§ **Supplied records**:
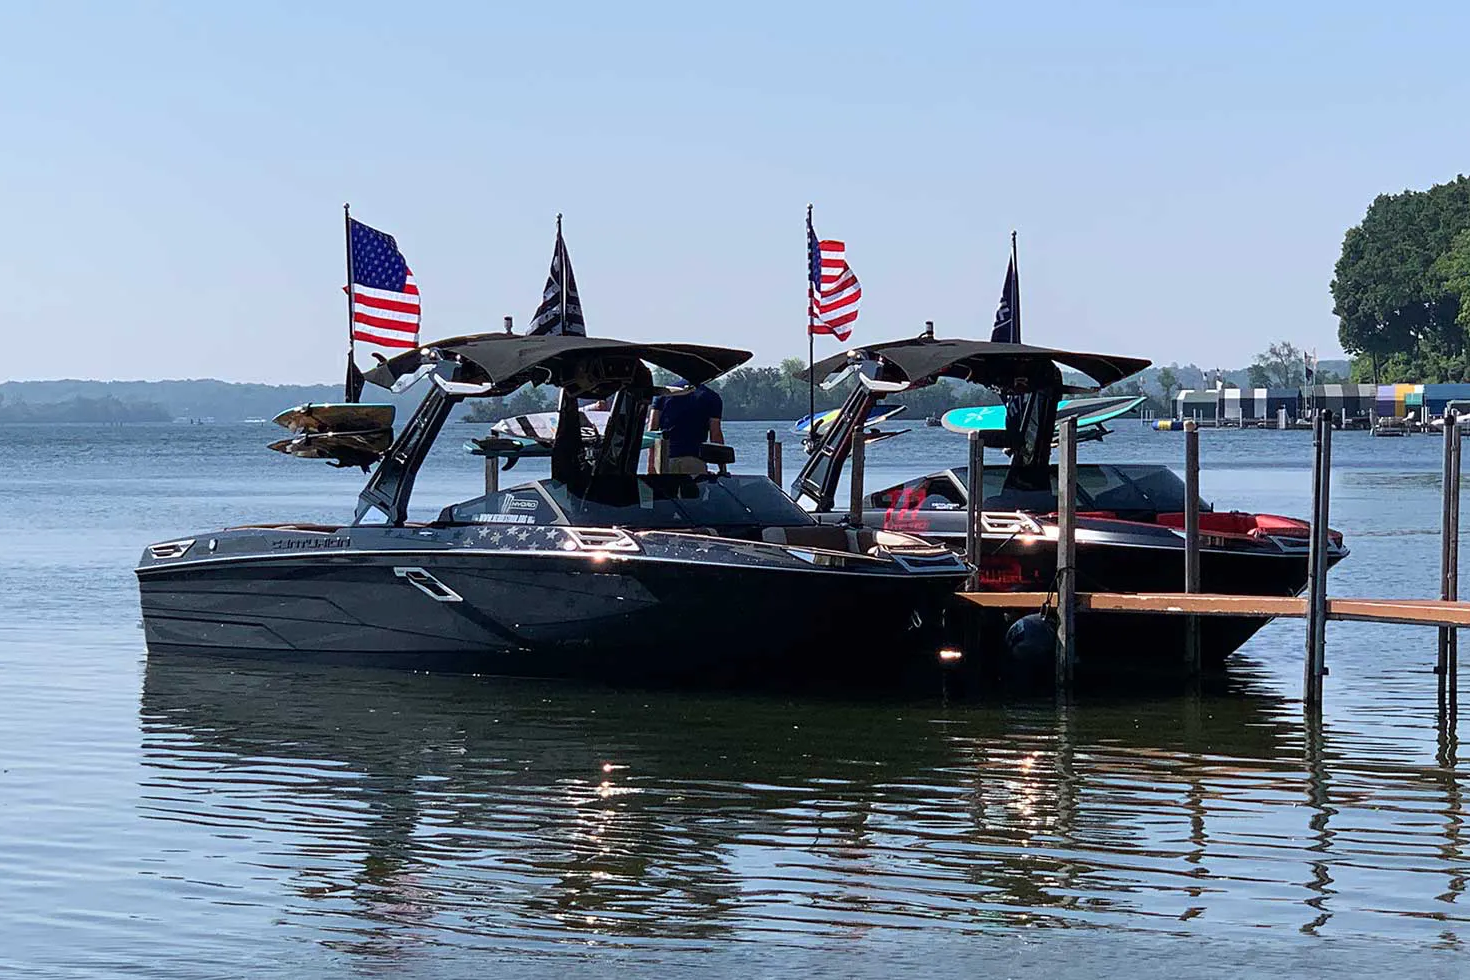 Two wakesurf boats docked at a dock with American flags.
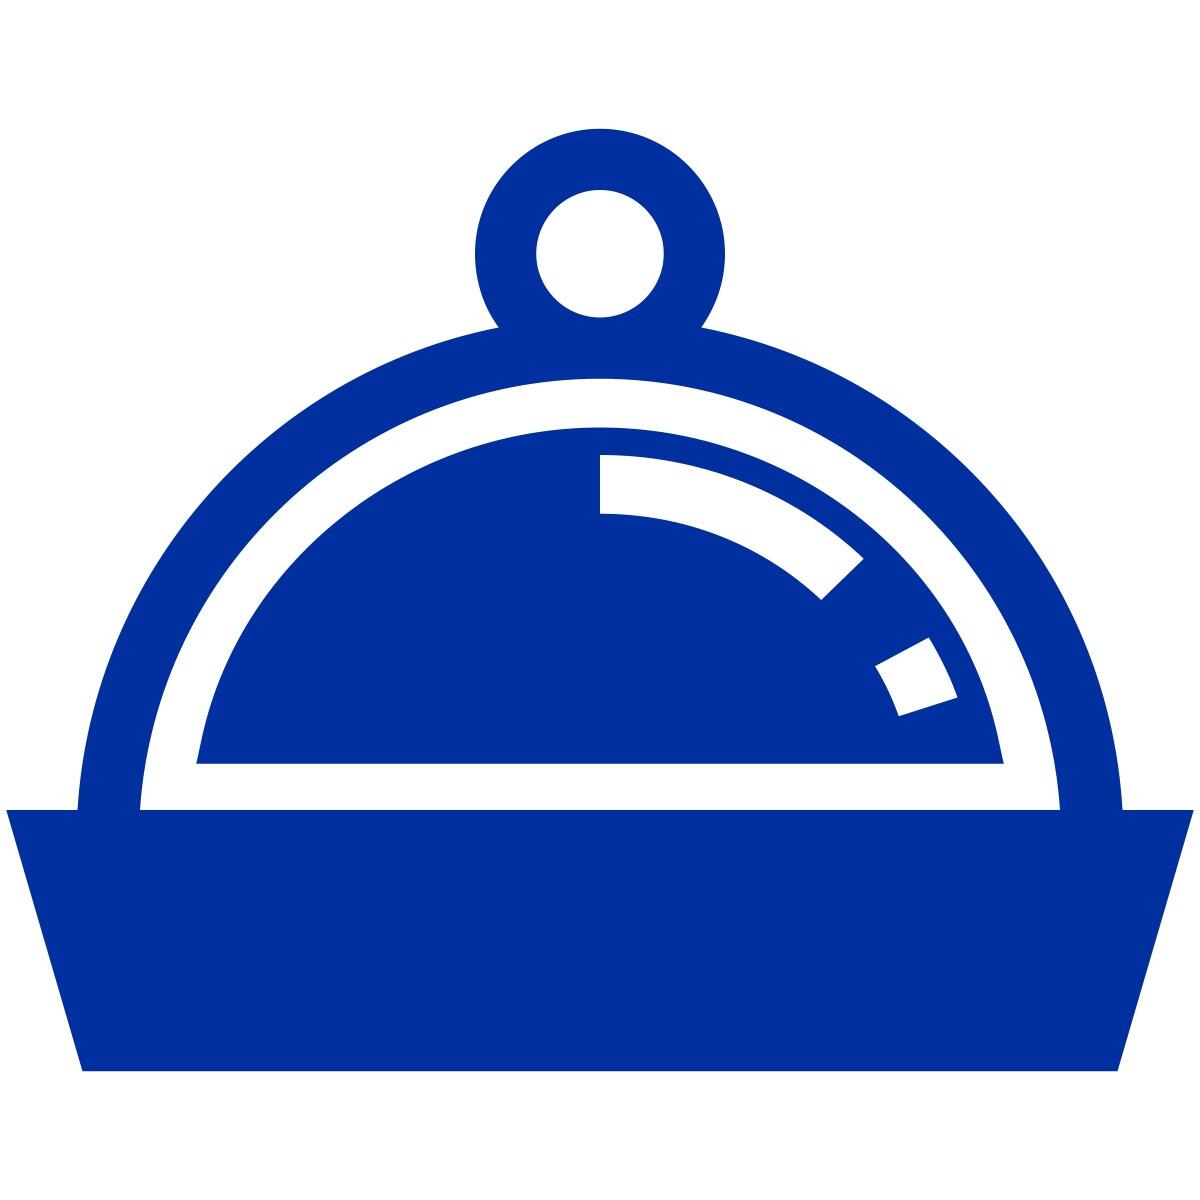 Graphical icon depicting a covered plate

---

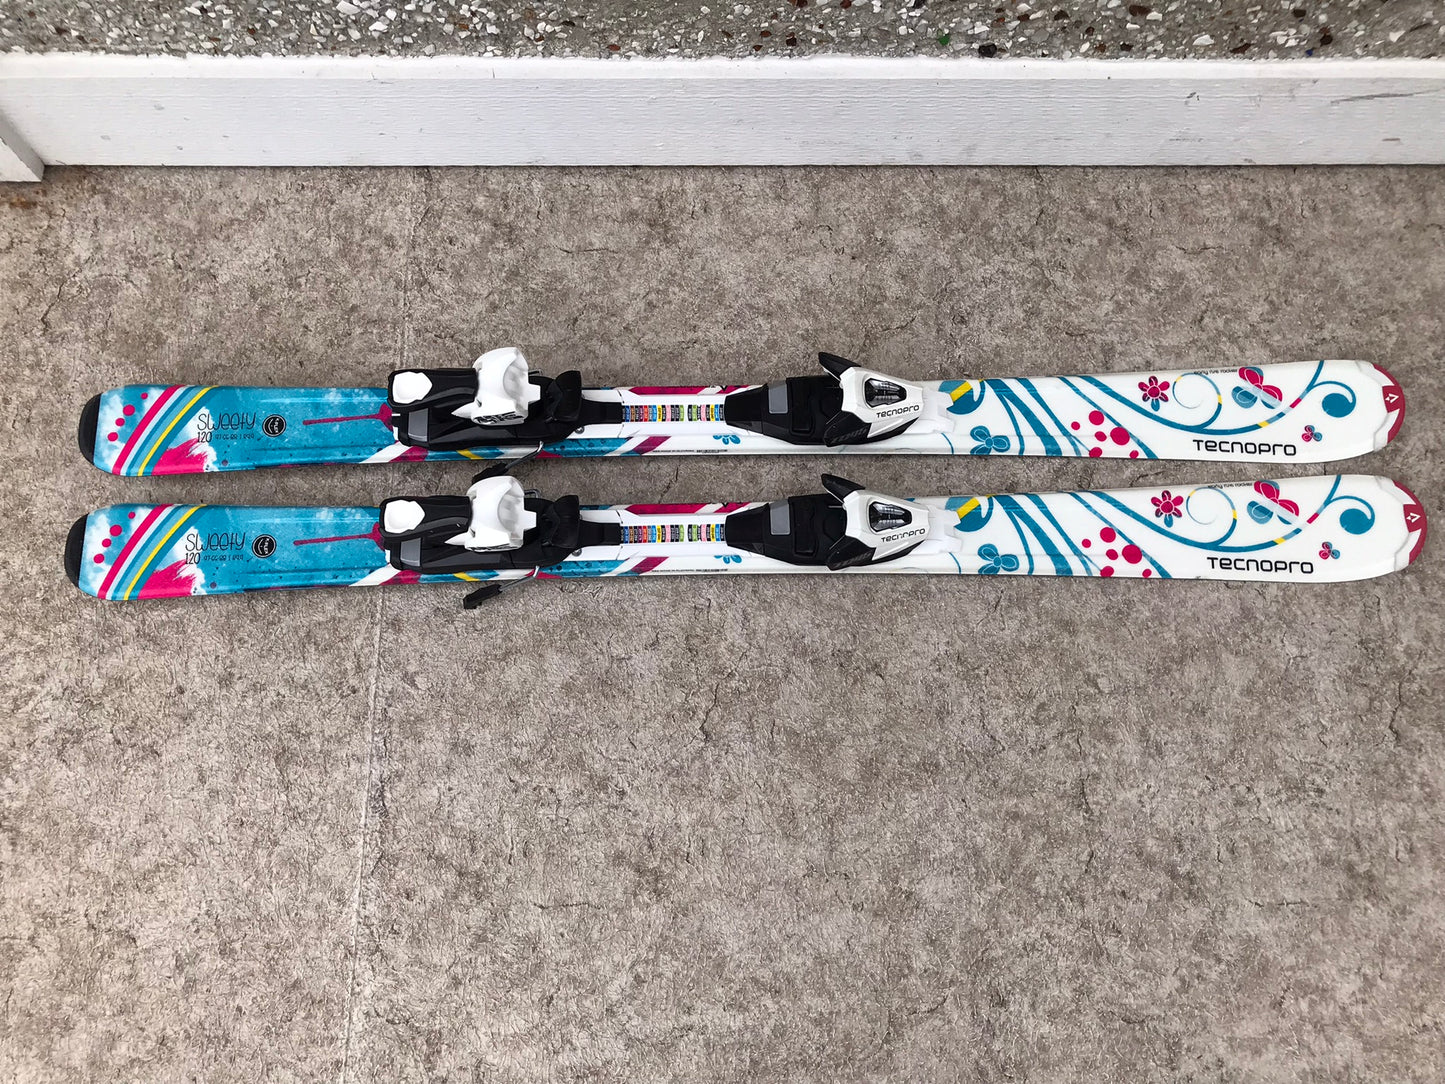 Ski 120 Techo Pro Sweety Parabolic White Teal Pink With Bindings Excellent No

...

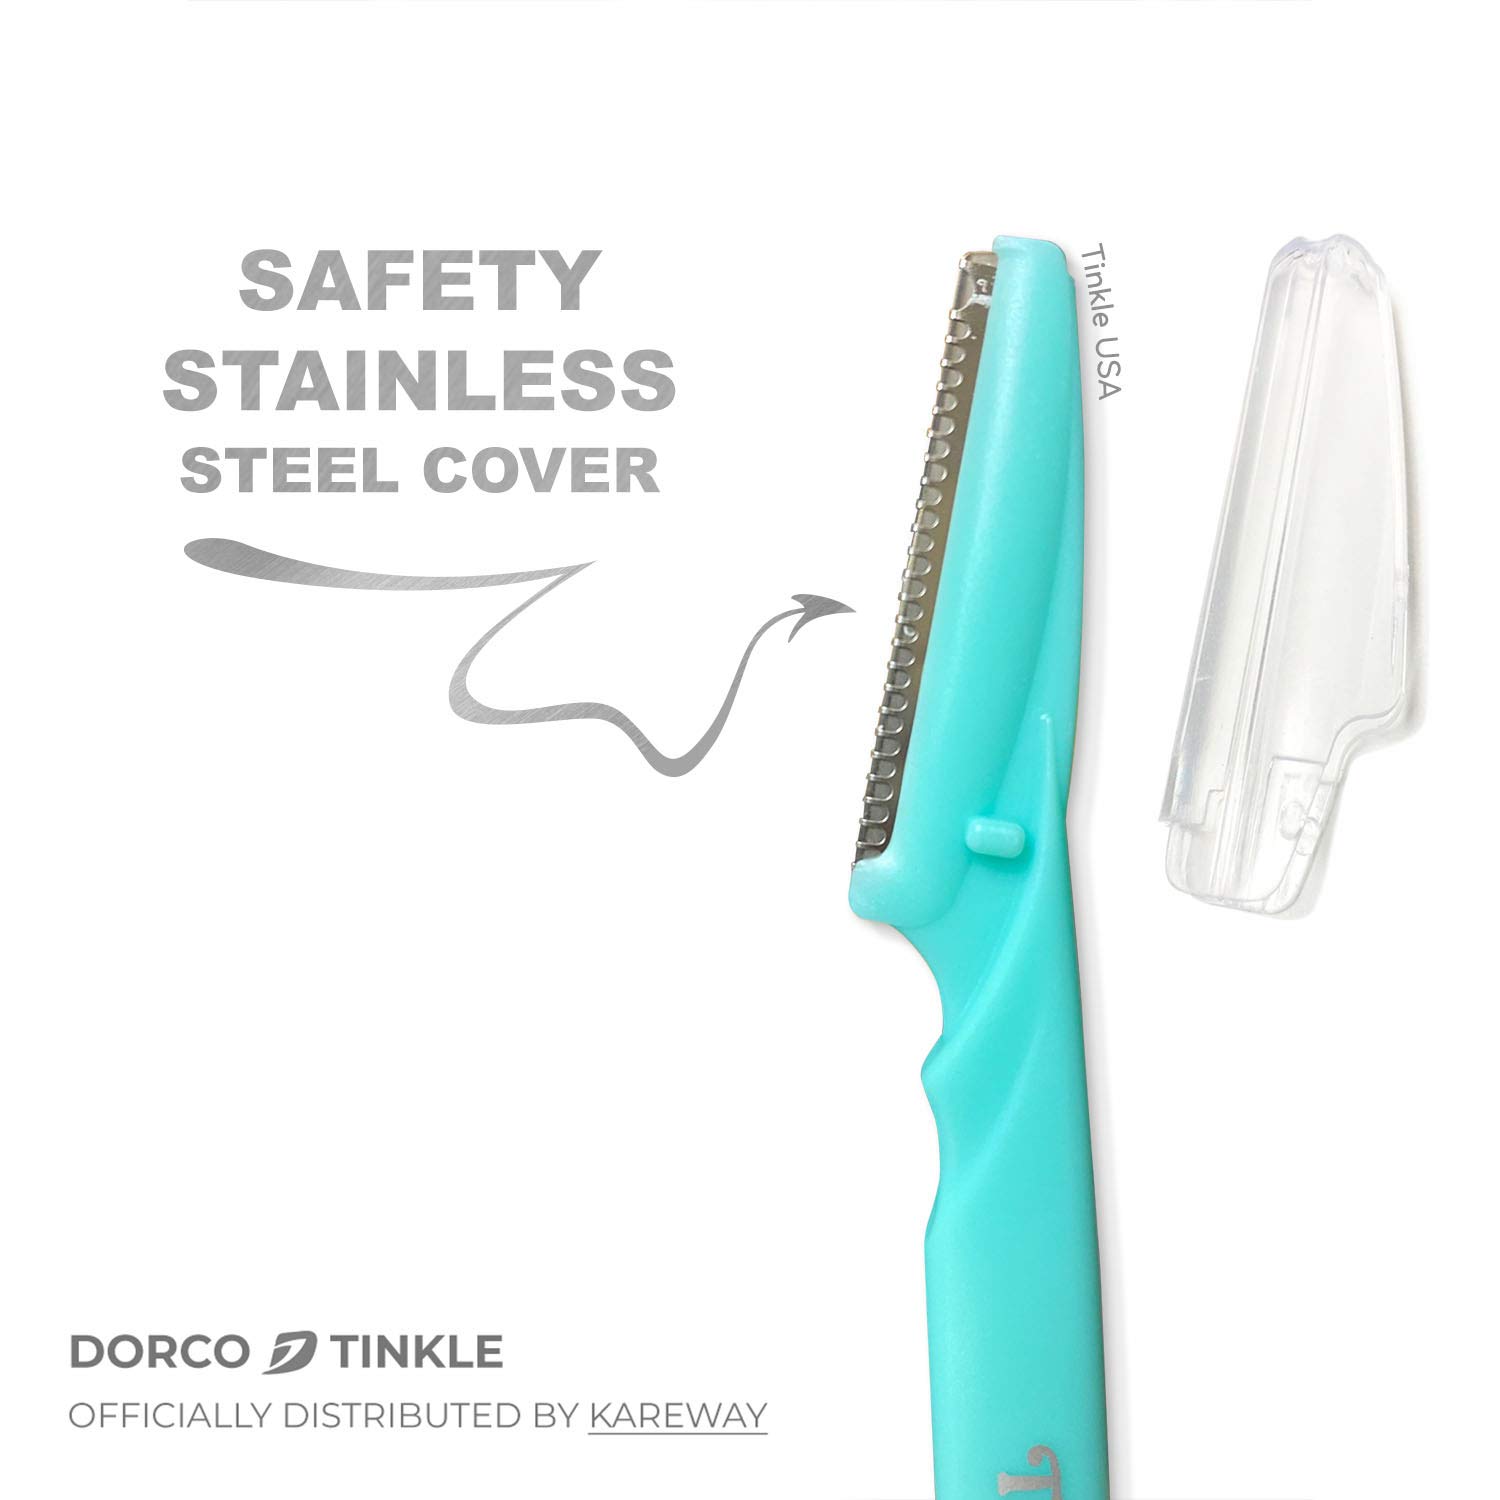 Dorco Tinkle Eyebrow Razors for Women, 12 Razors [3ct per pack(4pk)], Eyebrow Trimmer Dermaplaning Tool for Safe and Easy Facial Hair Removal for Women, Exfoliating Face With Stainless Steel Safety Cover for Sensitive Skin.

§ **Work to be completed**: Only one part of the material above is wanted: the lines from the one with "Two wakesurf boats" up to and including the one with "Graphical icon depicting a covered plate". Please copy them exactly, pictures left out.

§ **Answer to the exercise**:
 Two wakesurf boats docked at a dock with American flags.
 Graphical icon depicting a covered plate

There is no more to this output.